**TASK PROMPT:** Exact copy, no pictures: every line from the one that contains "匿名函数可以分配给变量,或作为参数传递给其他函数" through the end of the data below, and nothing else.

**STORED DATA:**
+ + +

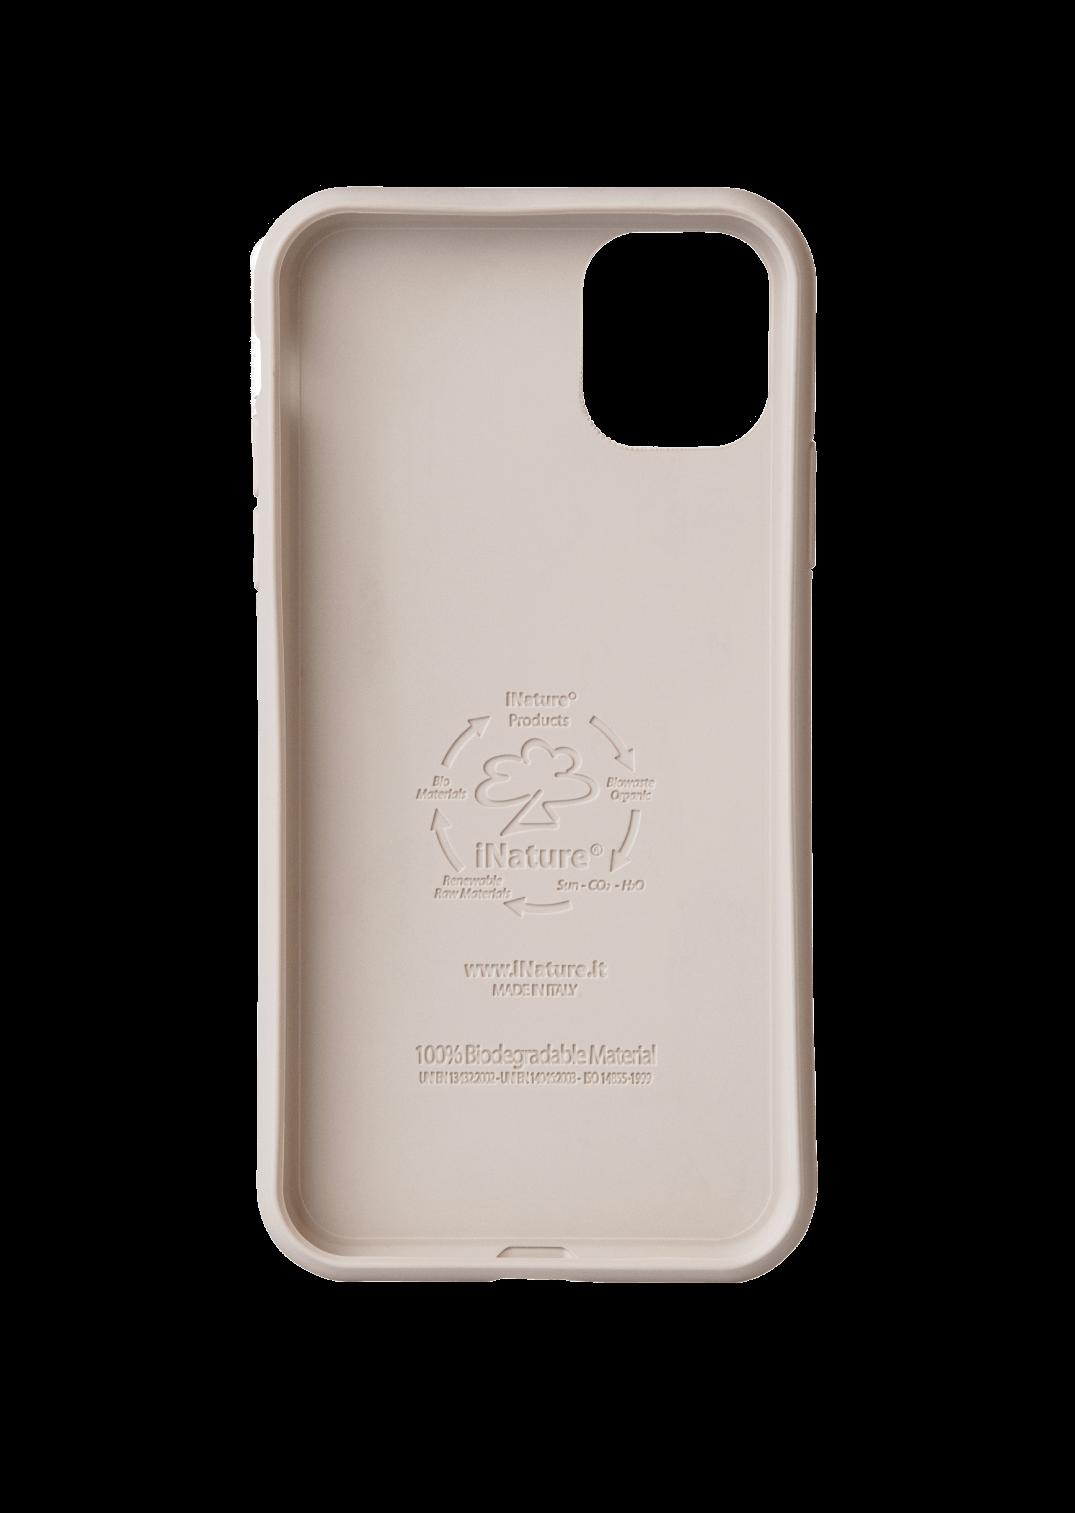 puro-inature-custodie-iphone-eco-friendly-stampaggio-6
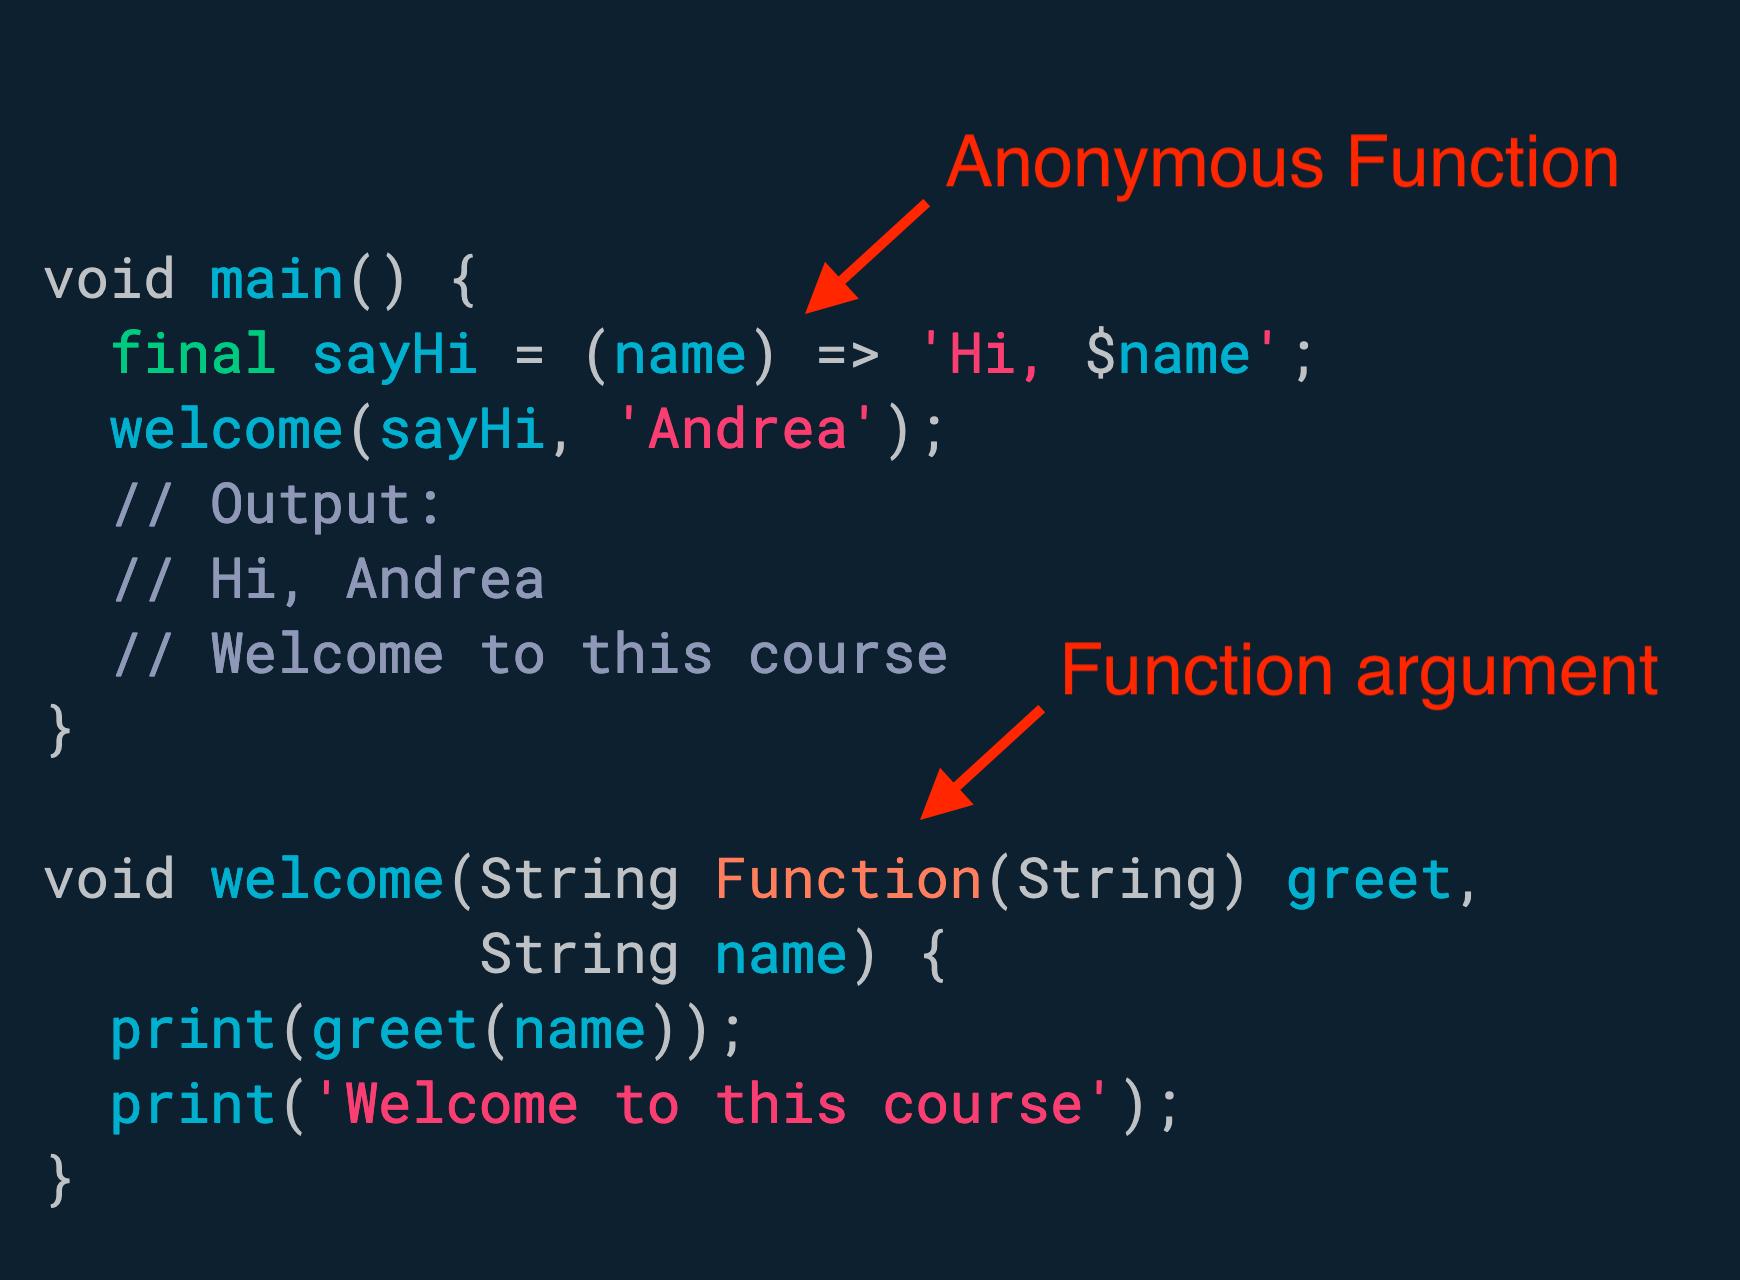 匿名函数可以分配给变量,或作为参数传递给其他函数
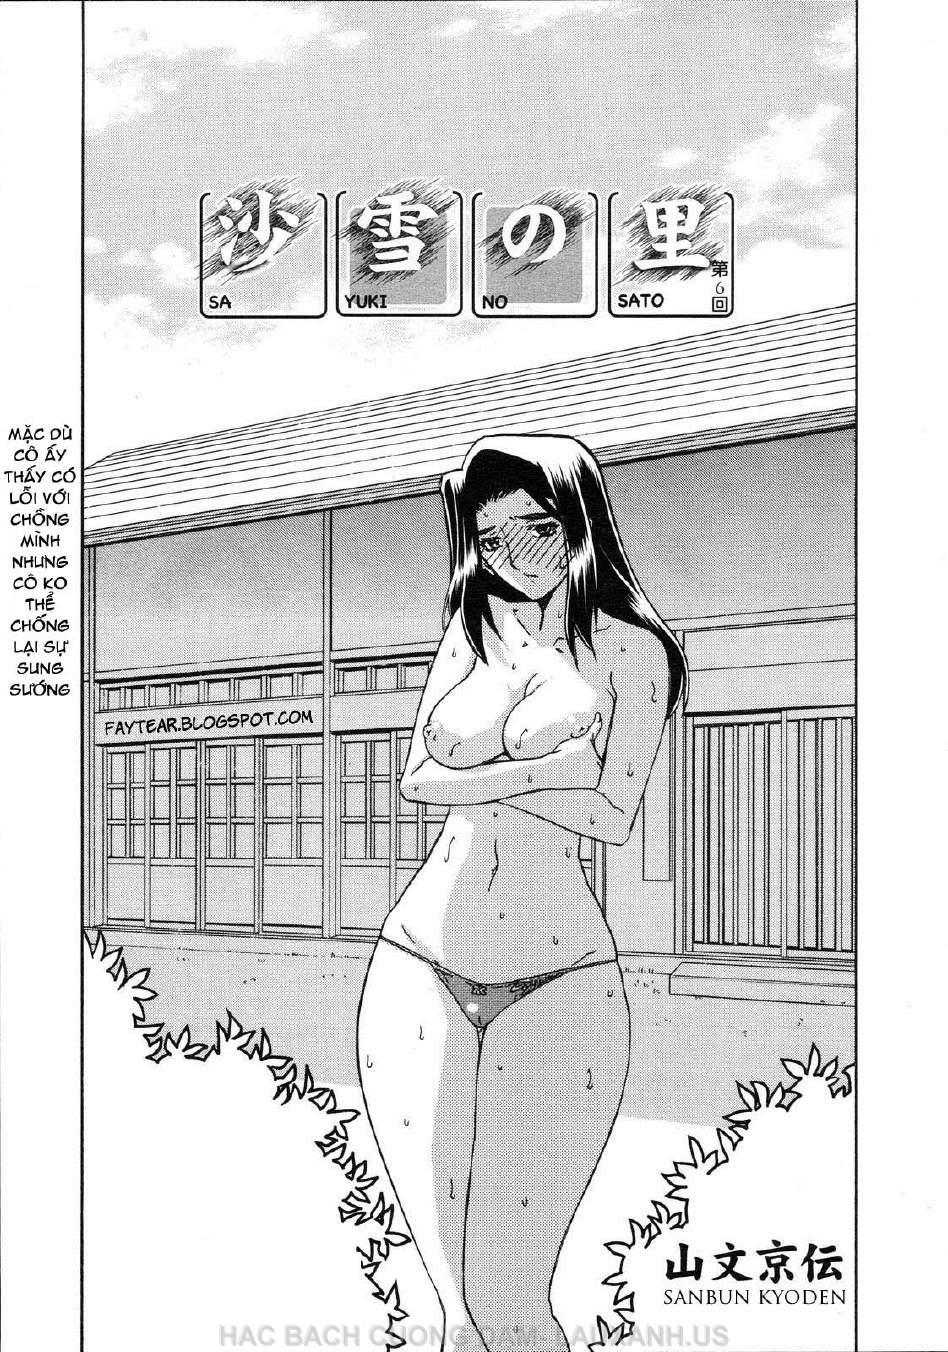 Hình ảnh hentailxers.blogspot.com0083 trong bài viết Manga H Sayuki no Sato
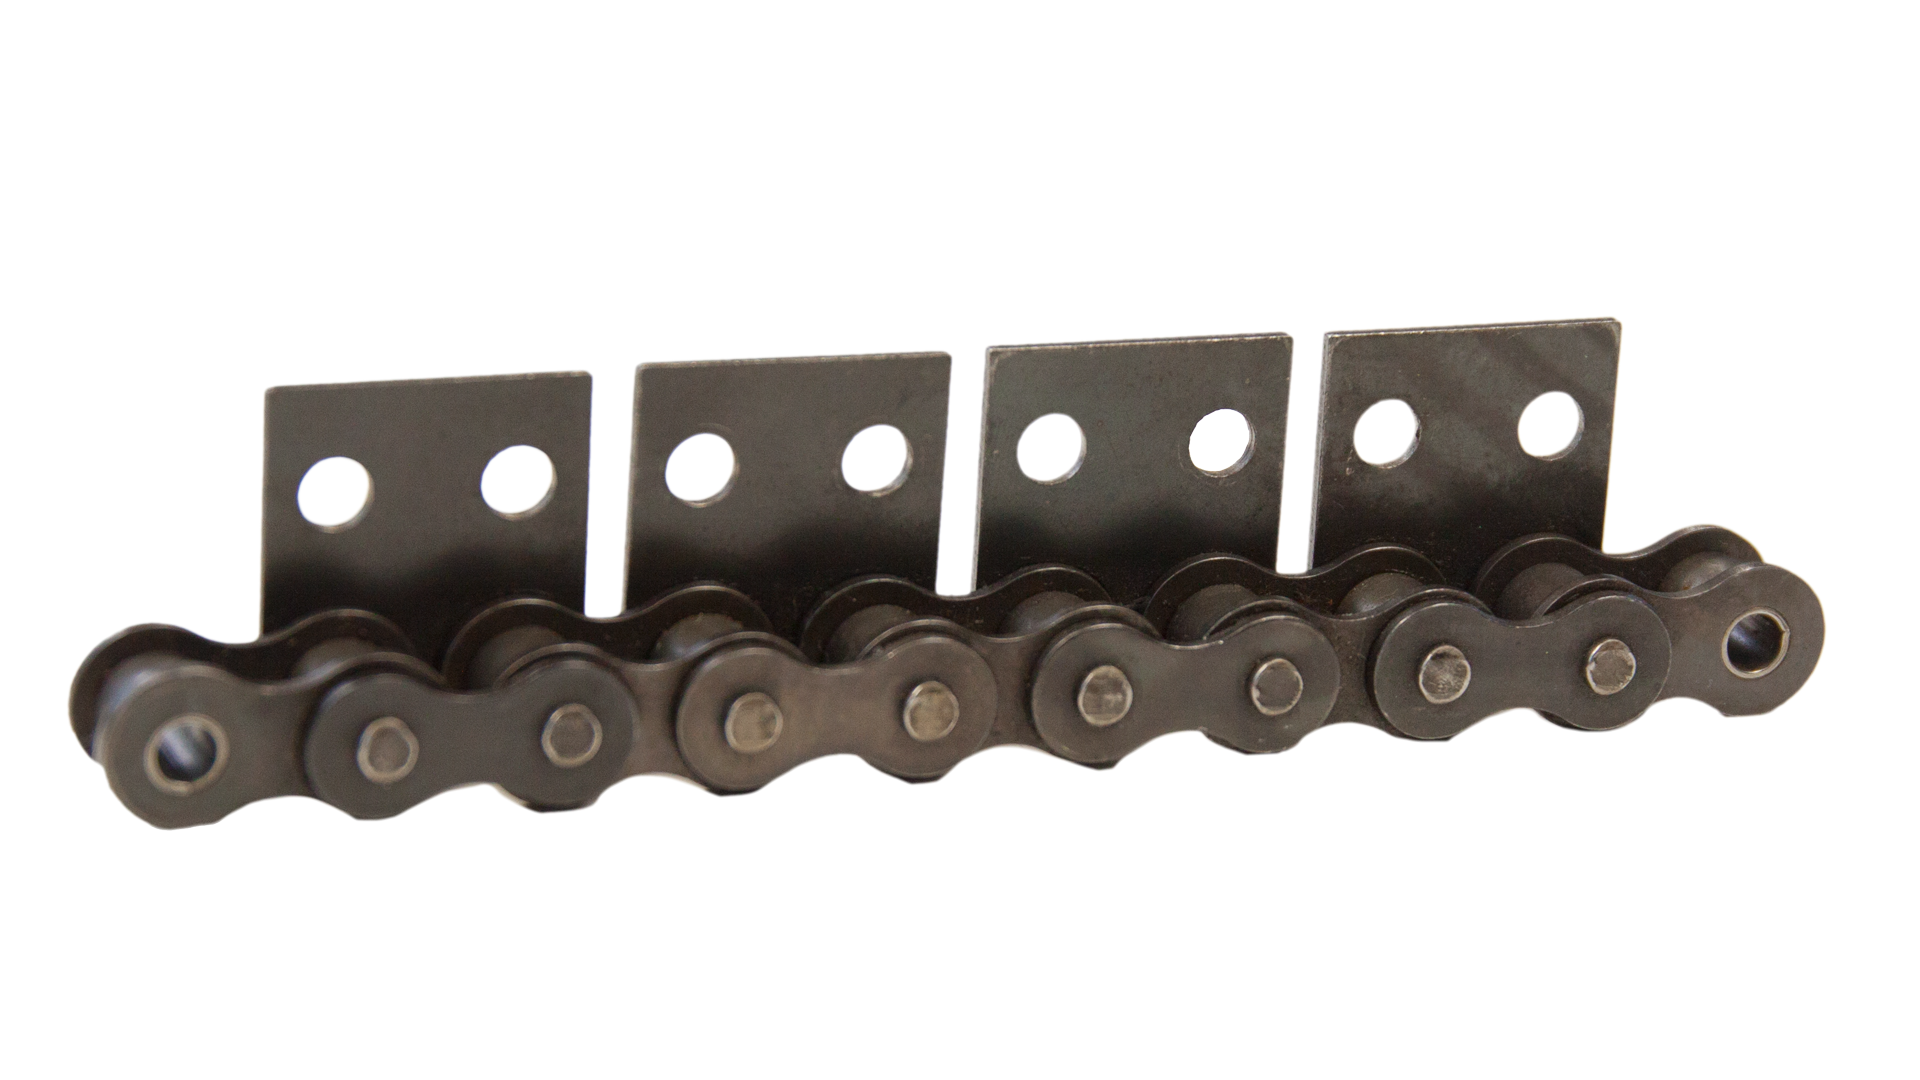 Einfach-Rollenkette (Simplex), mit einseitigen Flachlaschen

+ + +

**FINAL ANSWER:**
 匿名函数可以分配给变量,或作为参数传递给其他函数
 Hình ảnh hentailxers.blogspot.com0083 trong bài viết Manga H Sayuki no Sato
 Einfach-Rollenkette (Simplex), mit einseitigen Flachlaschen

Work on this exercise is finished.